Options When You Donate a Car for Tax Deduction Purposes
It’s hard to read the paper or listen to radio and not hear ads for charitable vehicle donation. But regardless of their claims, it takes some effort on your part to donate a car for tax deduction purposes and to benefit everyone involved also. Benefiting everyone is what is supposed to happen, but in practice, agents that handle car donations for charity (and buy those money making ads) can come out far better than everyone else in a vehicle donation transaction.
Getting your charity of choice the best deal when you donate a car for tax deduction purposes will also increase the amount you’re able to subtract from your own income when figuring your federal taxes. It is to your advantage to find a charity that can use your vehicle directly, rather than selling it off. Even if they donate it to an individual or family in need, you are allowed to deduct the fair market value of your car, which is the price they would have paid if you’d sold it to them directly.
There was a loophole in the 1990’s and early 2000s that caused third-party, for-profit agents to skim as much as 70% from each vehicle transaction at auction, when vehicles were turned over for auction by charities. The reliance upon wholesale auctions was further complicated by the for-profit reliance of such companies upon economies of scale. Without volunteer labor at charities, it cost too much to take time finding a retail sale. So, a vast majority of cars donated for a tax deduction benefit were sent to the wholesale auction market.
This practice was noticed by the US General Accounting Office (GAO). This meant that there was a large discrepancy between the amounts claimed as “fair market value.” Nearly $700 million in discrepancies were noted in 2000, for instance. Since 2005, for those who’ve donate cars, tax deductions have been seriously limited and include additional filing requirements.
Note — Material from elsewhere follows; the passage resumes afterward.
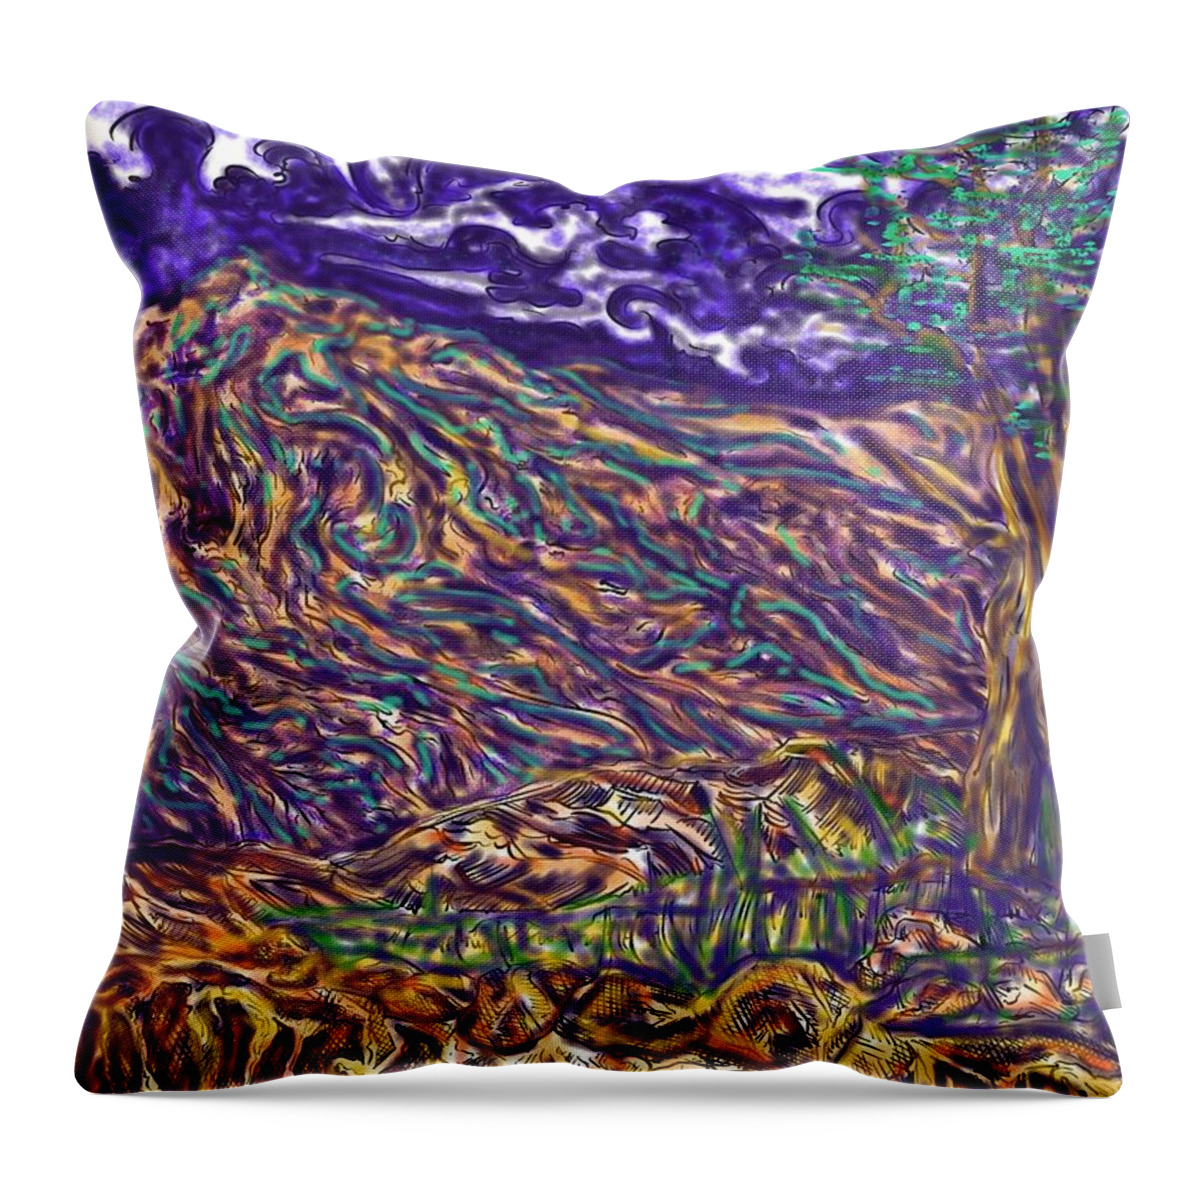 Landscape Throw Pillow featuring the digital art Pine Bluff by Angela Weddle

The fair market value continues to be the price at which you can expect to sell your car in a person-to-person transaction and without any pressure to complete the transaction on either end. Such a retail sale may be an order of magnitude higher than what would be paid at wholesale auction. In the case of a donated car, tax deductions may not even be worthwhile unless the return on your donation is increased by considering its ultimate fate.
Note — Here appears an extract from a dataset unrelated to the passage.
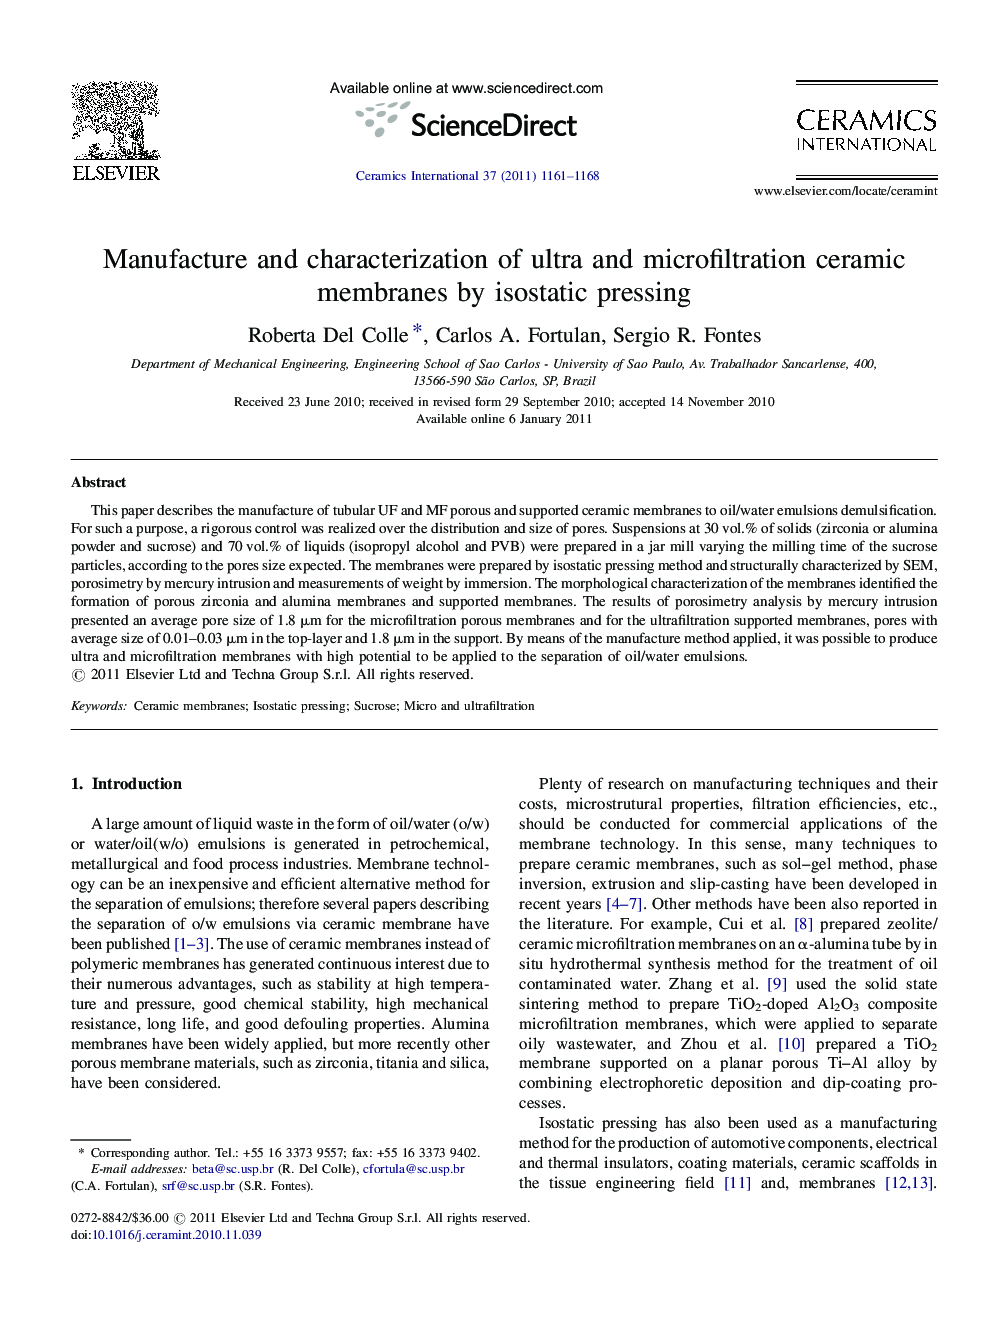 Manufacture and characterization of ultra and microfiltration ceramic membranes by isostatic pressing

You don’t want to see your $4,000 sedan that you have spent so much time using be sold for $50 at auction, tossed on the back of a truck and shipped to a far-off state for dismantling. Wouldn’t you prefer your car continued to live on with someone else? It’s hard to get rid of a car, but at least when you donate a car, tax deductions and the intangible good feeling of donating to someone less fortunate can ease your car-guilt.
Aside from being environmentally unfriendly when long haul transport is considered, there is the matter of a very small sale price. According to the new guidelines, when you donate a car, the tax deduction is limited to the amount it is sold for, if the car is sold during the first two years after you donate it to the charity. After you decide to donate a car, tax deduction considerations behoove you to do a little calling around and find a local non-profit organization that can actually use your car as part of it’s IRS-approved, charitable mission.
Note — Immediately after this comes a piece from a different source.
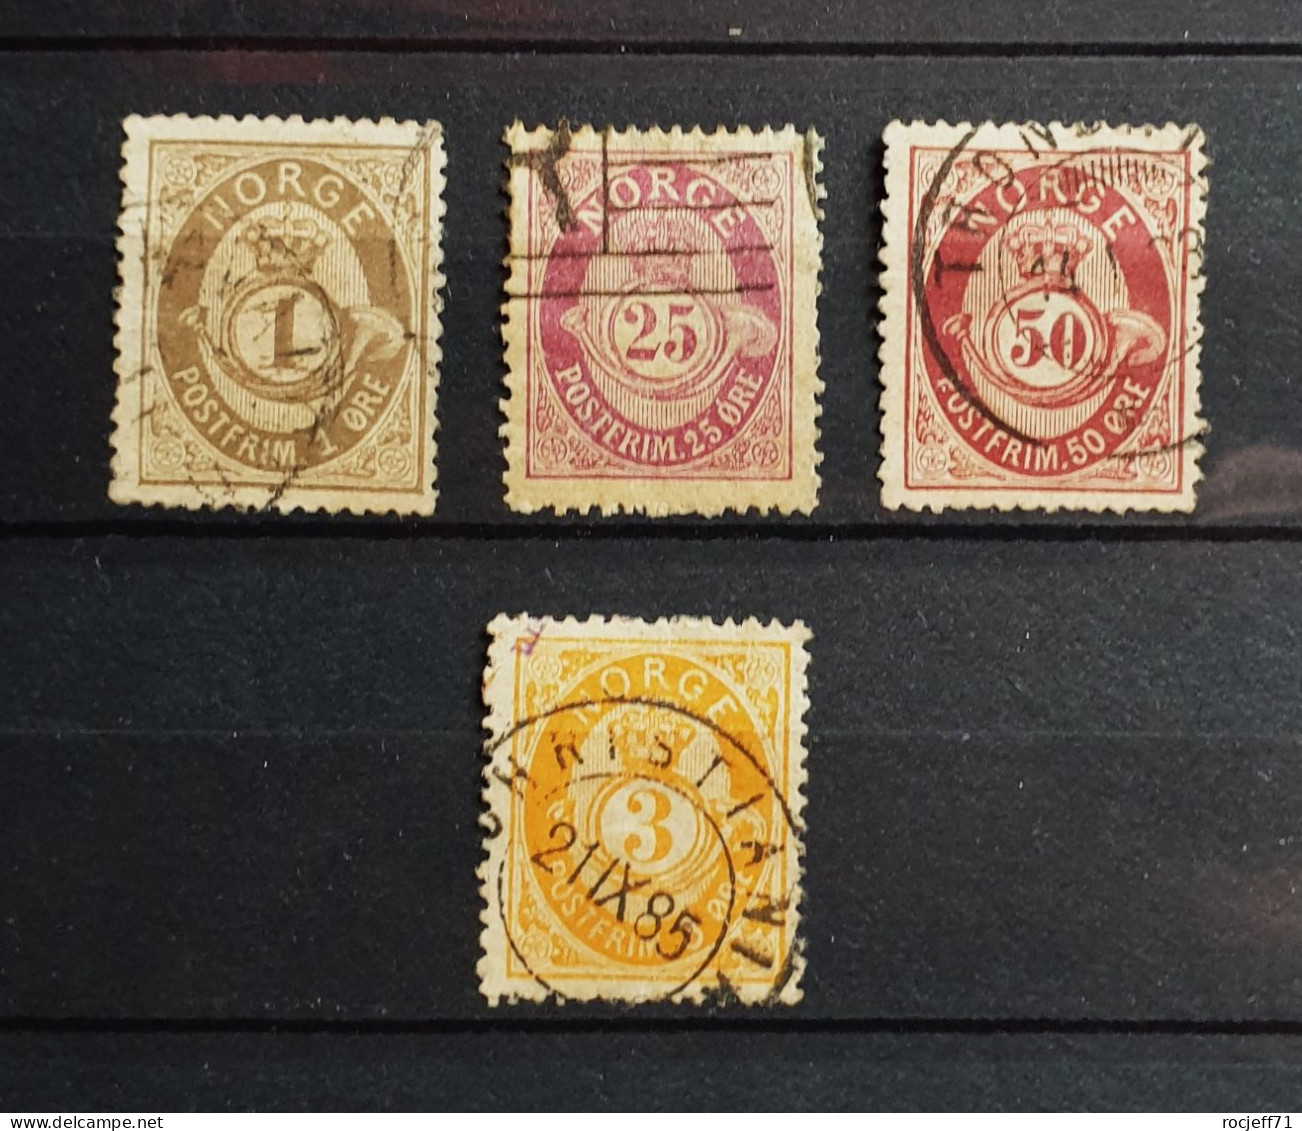 05 - 24 - Gino - Norvège Lot De Vieux Timbres - Norge Old Stamps - Value 100 Euros - Gebraucht

You will find that very few charities conduct their own car sales. However, educational operations often sell a well-refurbished vehicle at charity auctions. Such sales often command a price even higher than fair-market value, though you are limited by the extent of your donation rather than what they did to fix it up. Donated cars for tax deduction benefits are certainly not the most lucrative beak on one’s tax burden (credits are usually worth about 3 times as much), but they can be very useful. Get the most out of your vehicle donation and help some needy people as well.